Suarasulut, Manado – Seorang remaja pria berusia 17 tahun viral di media sosial sedang mencari ibunya yang sudah puluhan tahun tidak ada kabar. Kamis, (09/03/2023)
Anak tersebut bernama Arjuna Rugian atau lebih akrab disapa Arjun.
Ibu yang dicarinya bernama Friska Manenda.
Friska dan ayah Arjun sudah berpisah.
Saat diwawancarai tribunmanado.co.id di rumahnya, Friska menceritakan bagaimana dirinya dengan sang anak terpisah.
“Terakhir kami bertemu, saat itu Arjun berusia sekitar 5 atau 6 tahun,” ucap Friska.
Lalu Friska katakan, karena dirinya dengan ayah Arjun sudah berpisah ia pergi bekerja untuk menyambung hidup.
Setelah beberapa waktu kemudian dirinya balik ke Desa Tandu, Lolak, Bolaang Mongondouw untuk mencari anaknya.
“Tapi dapat info dari warga anak saya sudah pindah ke Kotamobagu, tapi alamat jelasnya tidak ada,” terang Friska.
Friska, katakan Arjun pada 2 April mendatang akan genap 18 tahun.

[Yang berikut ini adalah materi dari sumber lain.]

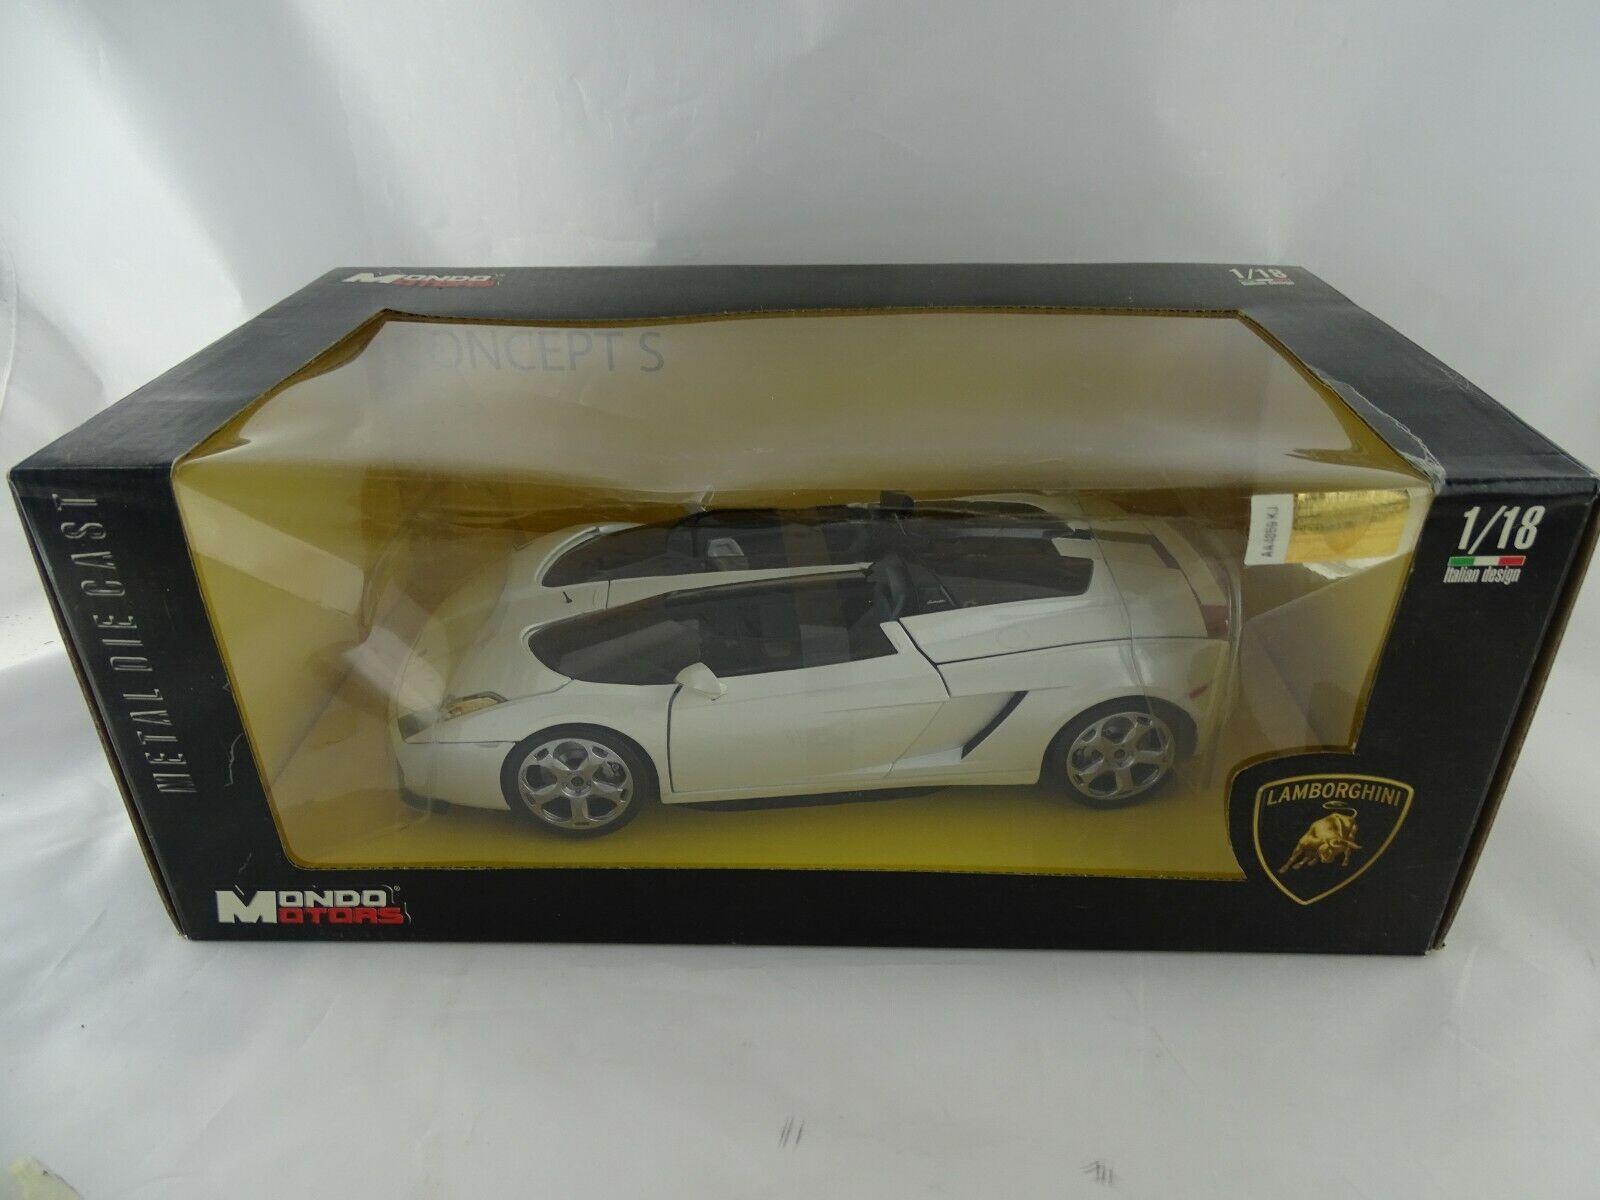 1 18 Mondo Motors Lamborghini Concept S weiß

Saat itu dirinya akui hilang jejak untuk mencari karena Kotamobagu itu sangat besar.
“Usaha saya saat itu buka-buka Facebook dan mencari akun Arjun, ada tapi sudah tidak aktif,” tutur Friska.
Setelah itu ia mengaku pasrah dan berpikir positif bahwa suatu waktu pasti mereka akan bertemu atau si anak pasti akan mencarinya.
“Kemarin doa saya dijawab Tuhan, adik saya menelpon bahwa ada anak yang viral mencari ibunya, setelah saya melihat ternyata itu anak saya,” ungkap Friska.
Sementara itu, petugas dari kepolisian Kotamobagu dan Kauditan berkoordinasi memfasilitasi hingga ibu dan anak itu bisa video call melalui whatshapp.
Friska katakan, saat ini Arjun sementara ujian akhir di SMA kelas 12.
Lanjutnya, kemarin saat video janjian nanti ketemuan kalau sudah ada waktu.
“Saat terhubung video call kemarin, saya langsung bertanya kepada Arjun, kakak apa kabar. Arjun jawab oh Arjun pikir mama (ibu) sudah lupa atau tidak kenal lagi.
Kemudian saya sampaikan tidak mungkin ibunya tidak akan mengenal anaknya,” sebut Friska.
Friska sampaikan kepada Arjun, dirinya sudah berusaha mencari tapi tidak menemukan di makan Arjun tinggal.
“Jadi mama sudah menyerah. Tapi mama yakin Tuhan pasti pertemukan,” tutupnya.
Sementara terpisah, Charlie Wijaya saat dimintai keterangan, ia mengaku sangat senang karena dapat membantu.
“Tentunya ucapan terima kasih kepada Tuhan, Polisi, dan informan yang telah membantu. Tidak sia-sia pencarian selama kurang lebih 1 minggu, dan saya sangat senang” ujar Charlie Wijaya.